Всех бросило в дрожь при мысли о том, что мог бы приготовить капитан.

– На Западном берегу, – продолжал он, усердно работая вилкой, – мы ели такой острый кэрри… словно раскаленные угли глотали.

Он торжествующе улыбнулся и смахнул платком пот с лица и лысины.

– Да какая же тут польза, – цеплялась миссис Бил за свое исходное утверждение.

– Вот именно что есть польза! – нетерпеливо возразил капитан. – Как ты думаешь, Глэдис, почему кэрри изобретен именно в тропиках, а? Чтобы выжигать всякую хворь, ясно? Как ты думаешь, почему ко мне ни разу не пристала фрамбезия или бери-бери, а? Почему я не сгнил от проказы?

– Вильям, голубчик!

– То-то и оно, – язвительно произнес капитан. – Все благодаря кэрри. С одного конца входит, из другого выходит… насквозь тебя прожигает, вот… получается вроде прижигания, ясно?

– Вильям, я умоляю!

– Ладно, ладно, – пробурчал капитан. – Только непонятные вы какие-то люди. Я приготовил вам недурной кэрри, а вы крик подняли, словно вас убивают! Ели бы каждый день такой кэрри, зимой вас никакая простуда не взяла бы.

Признаюсь, тут я склонен был согласиться с ним. Ни один гриппозный вирус не смог бы выжить в организме, раскаленном добела капитанским кэрри. Во всяком случае, шагая вечером домой через темный пустырь, я слегка недоумевал, почему за мной не тянется светящийся след наподобие хвоста кометы. Судя по всему, тот факт, что я выдержал испытание кэрри, явно расположил ко мне капитана, и с тех пор каждый четверг я обедал у Билов. И это были для меня очень приятные вечера.

5. ГАРЦУЮЩИЕ ГНУ

Развлекаются грубыми шутками и не причесывают волос.

Бэлок. Книжка про зверей для непослушных детей

После того как я месяца два поработал в львятнике, однажды утром Фил Бейтс объявил, что мне пора переходить в другую секцию.

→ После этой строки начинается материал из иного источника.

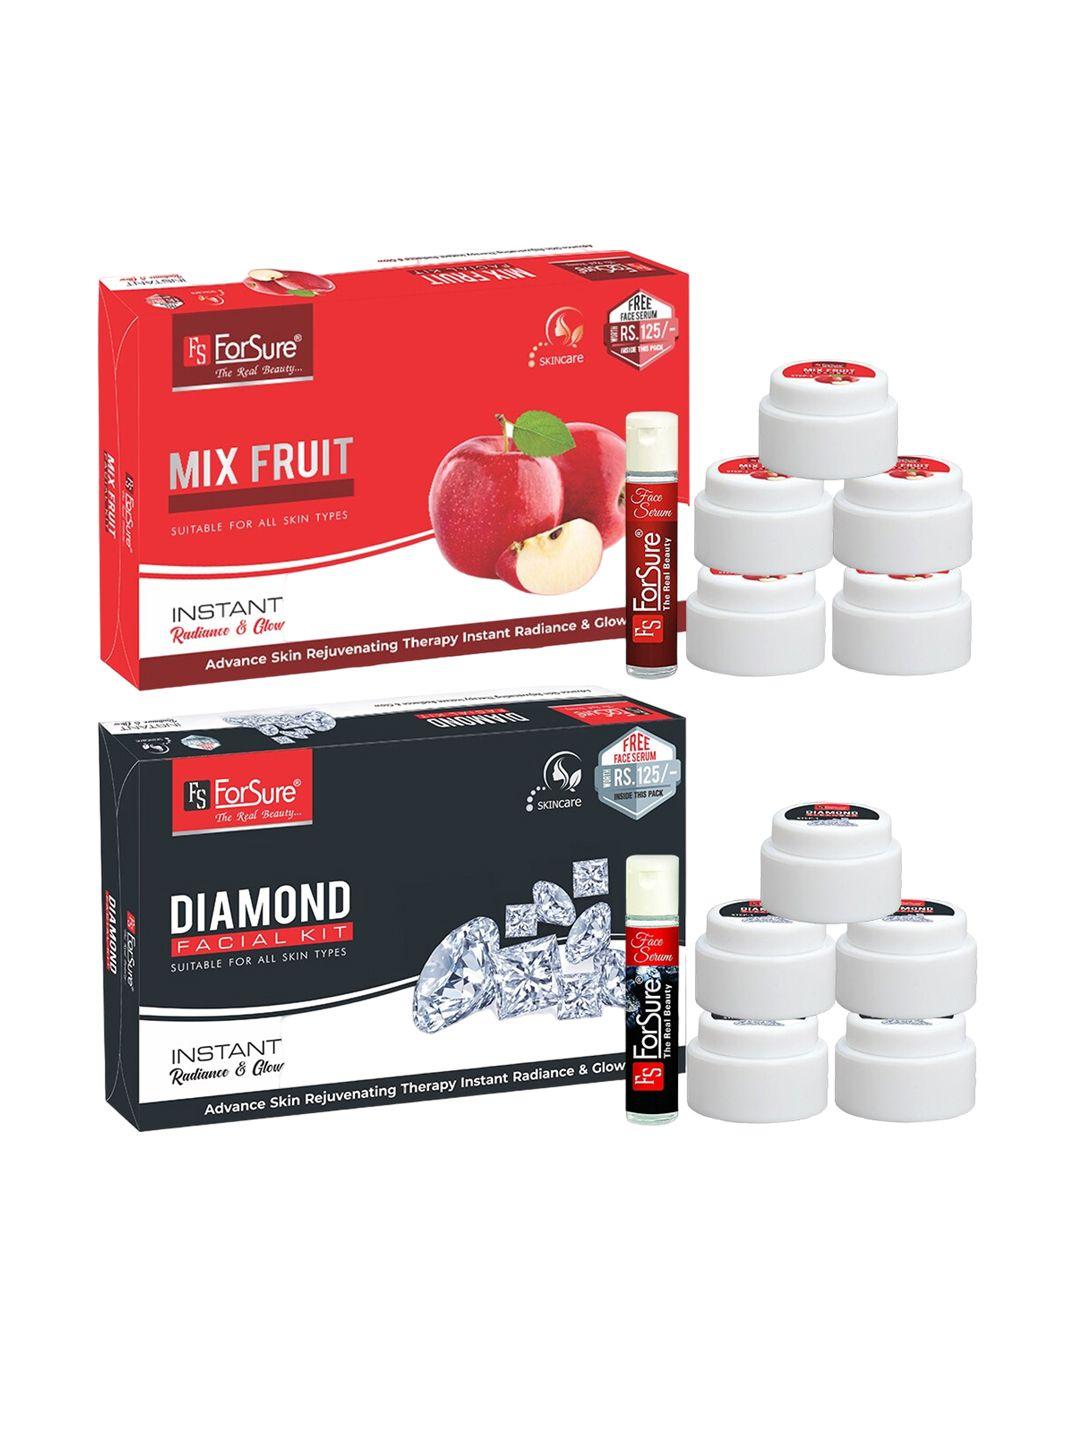 forsure set of mix fruit & diamond instant radiance & glow facial kit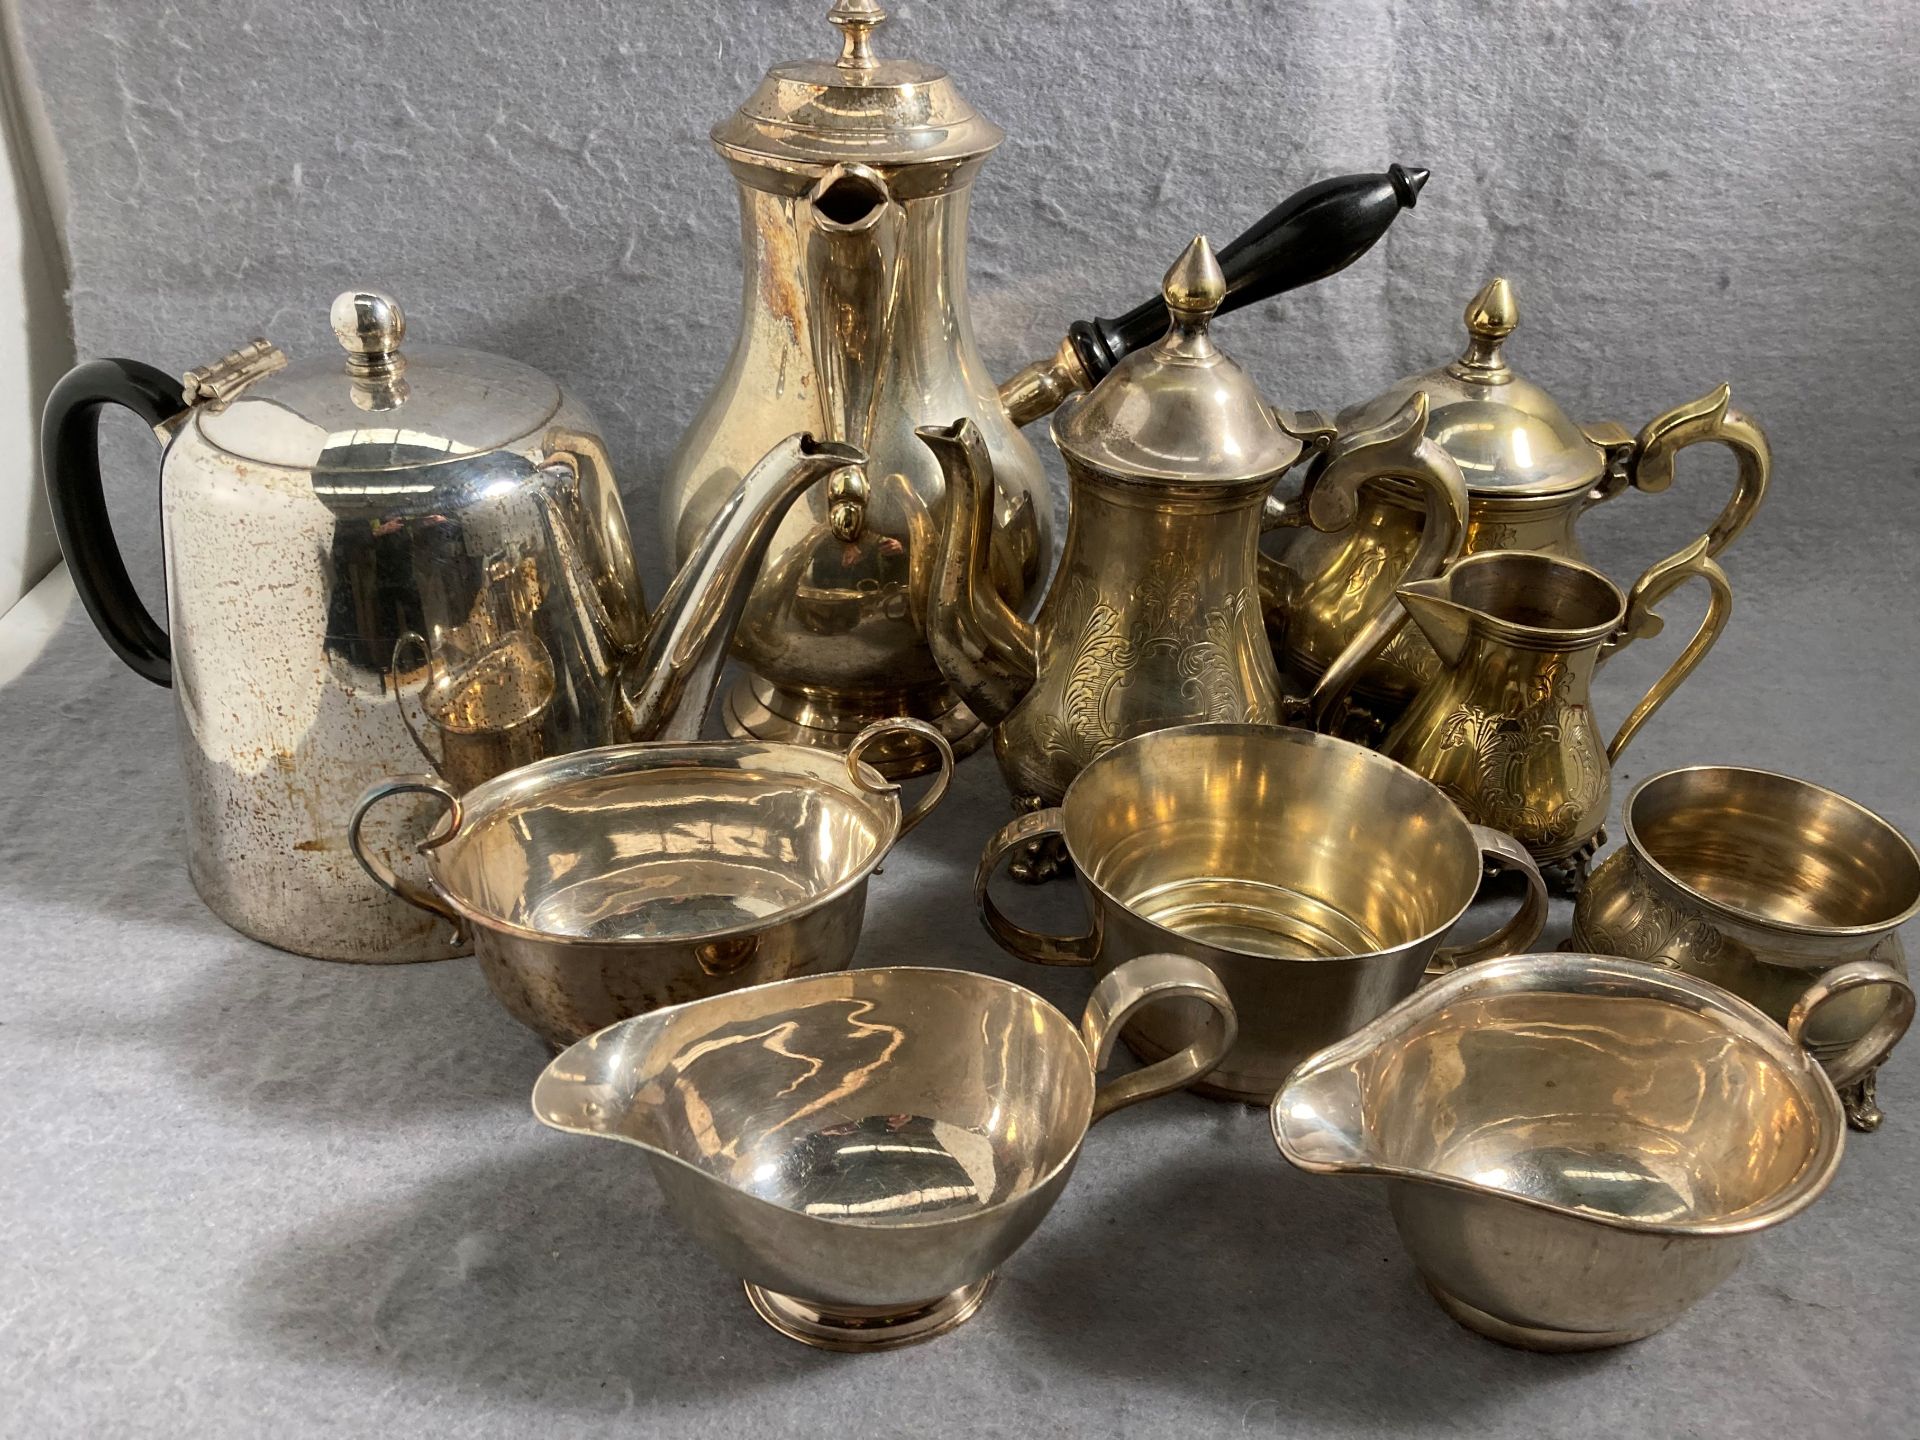 A silver plated four piece tea service, hot chocolate jug, teapot, - Image 2 of 2

Я обрадовался: как ни yютно мне было в львятнике, как ни хорошо работалось вместе с Джеси и Джо, я ведь приехал в Уипснейд за опытом, и, чем больше секций будет в моем послужном списке, тем больше знаний я наберусь. Итак, я перешел в медвежатник. Эта секция, как видно из названия, включала всех косолапых бурых космачей Уипснейда. Кроме того, в нее входили огромный загон, в котором паслось множество зебр и антилоп, в том числе гну, а также вольеры с разной мелочью, вроде волков и бородавочников.

Заведовал секцией Гарри Рэнс, плотный коротыш с переломанным носом и живыми ярко-синими глазами. Я застал его в сарае для зебр, в маленьком закутке, где он сидел, задумчиво прихлебывая какао из огромной помятой оловянной кружки и строгая ореховый прутик.

– Здорово, старик, – приветствовал он меня. – Говорят, ты будешь работать вместе со мной.

– Точно, – подтвердил я. – Я рад, что меня перевели в эту секцию, у вас тут много интересного.

– Уж куда интереснее, старик, – подтвердил он. – Только надо держать ухо востро. Там, в львятнике, ты редко входил к животным, а у нас без этого нельзя, и лучше быть начеку. На вид-то, может, они ручными покажутся, но гляди, как бы врасплох не застали.

Он указал большим пальцем на стойло, где безмятежно жевала сено толстая, лоснящаяся черно-белая зебра.

– Взять хотя бы этого жеребчика, – продолжал Гарри. – С виду смирный, как младенец, верно?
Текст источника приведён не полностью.